SCORE-AI achieved diagnostic performance equal to human experts in an EEG dataset independent of the development dataset, in a geographically distinct patient population, recorded with different equipment and technical settings than the development dataset.

Abstract Image

查看原文本刊更多论文

人工智能脑电图解读的通用性：外部验证研究。

目的：利用人工智能（AI）对临床脑电图（EEG）进行自动解读，有可能缩小资源有限环境下的治疗差距，并减轻专科中心的工作量。然而，为了促进广泛的临床应用，必须在不同的患者群体和设备之间建立通用性。我们评估了当 SCORE-AI 应用于不同地理位置的患者群体，并使用不同的脑电图设备和技术设置进行记录时，其诊断准确性是否可与专家相媲美：我们使用独立的数据集和外部金标准评估了 "固定和冷冻 "人工智能模型的诊断准确性，并将其与对所有其他数据保密的三位专家进行比较。数据集包括 50% 的正常常规脑电图和 50% 的异常常规脑电图，在四大类脑电图异常（局灶性癫痫样、泛发性癫痫样、局灶性非癫痫样和弥漫性非癫痫样）中平均分配。为了评估诊断的准确性，我们对照外部金标准计算了人工智能模型和专家的敏感性、特异性和准确性：我们分析了 104 名患者（64 名女性，中位年龄 = 38.6 [范围 = 16-91] 岁）的脑电图。与专家相比，SCORE-AI 的表现同样出色，总体准确率为 92%（95% 置信区间 [CI] = 90%-94%），而专家为 94%（95% 置信区间 = 92%-96%）。在任何指标或类别上，SCORE-AI 与专家之间均无明显差异。SCORE-AI 在独立于警觉状态（清醒时错误分类：5/41 [12.2%]，睡眠时错误分类：2/11 [18.2%]；p = .63）和正常变异（存在正常变异时错误分类：4/14 [28.6%]，睡眠时错误分类：2/11 [18.2%]；p = .63）的情况下表现良好：4/14[28.6%]，无正常变体时的错误分类：3/38[7.9%]；P = .07）：SCORE-AI在一个独立于开发数据集的脑电图数据集上实现了与人类专家同等的诊断性能，该数据集的患者群体地理位置不同，使用的设备和技术设置也与开发数据集不同。
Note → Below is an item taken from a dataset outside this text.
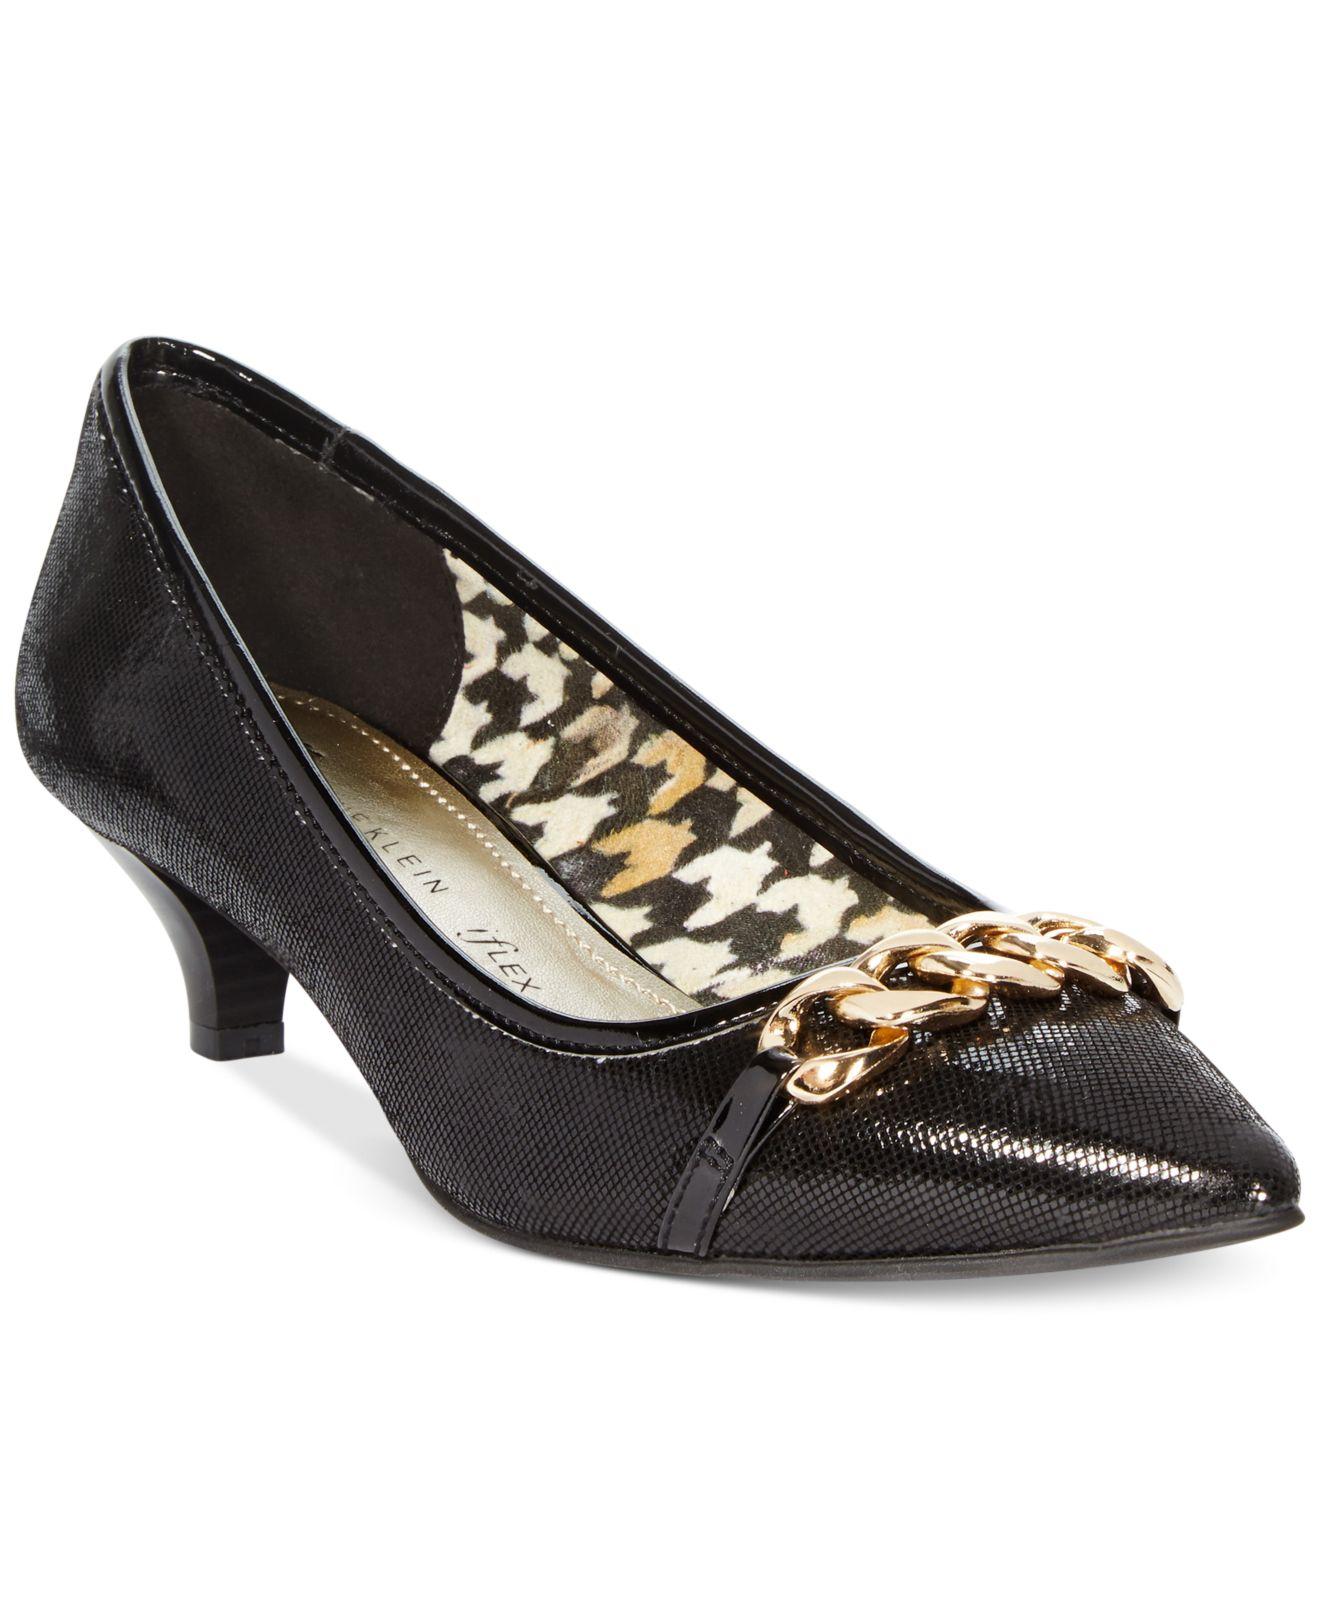 871e60e27a Anne Klein Mikaela Kitten Heel Pumps- A Macy'S Exclusive in Black - Lyst

本文章由计算机程序翻译，如有差异，请以英文原文为准。

求助全文

约1分钟内获得全文求助全文

来源期刊

Epilepsia 医学-临床神经学

CiteScore

10.90

自引率

10.70%

发文量

319

审稿时长

2-4 weeks

期刊介绍： Epilepsia is the leading, authoritative source for innovative clinical and basic science research for all aspects of epilepsy and seizures. In addition, Epilepsia publishes critical reviews, opinion pieces, and guidelines that foster understanding and aim to improve the diagnosis and treatment of people with seizures and epilepsy.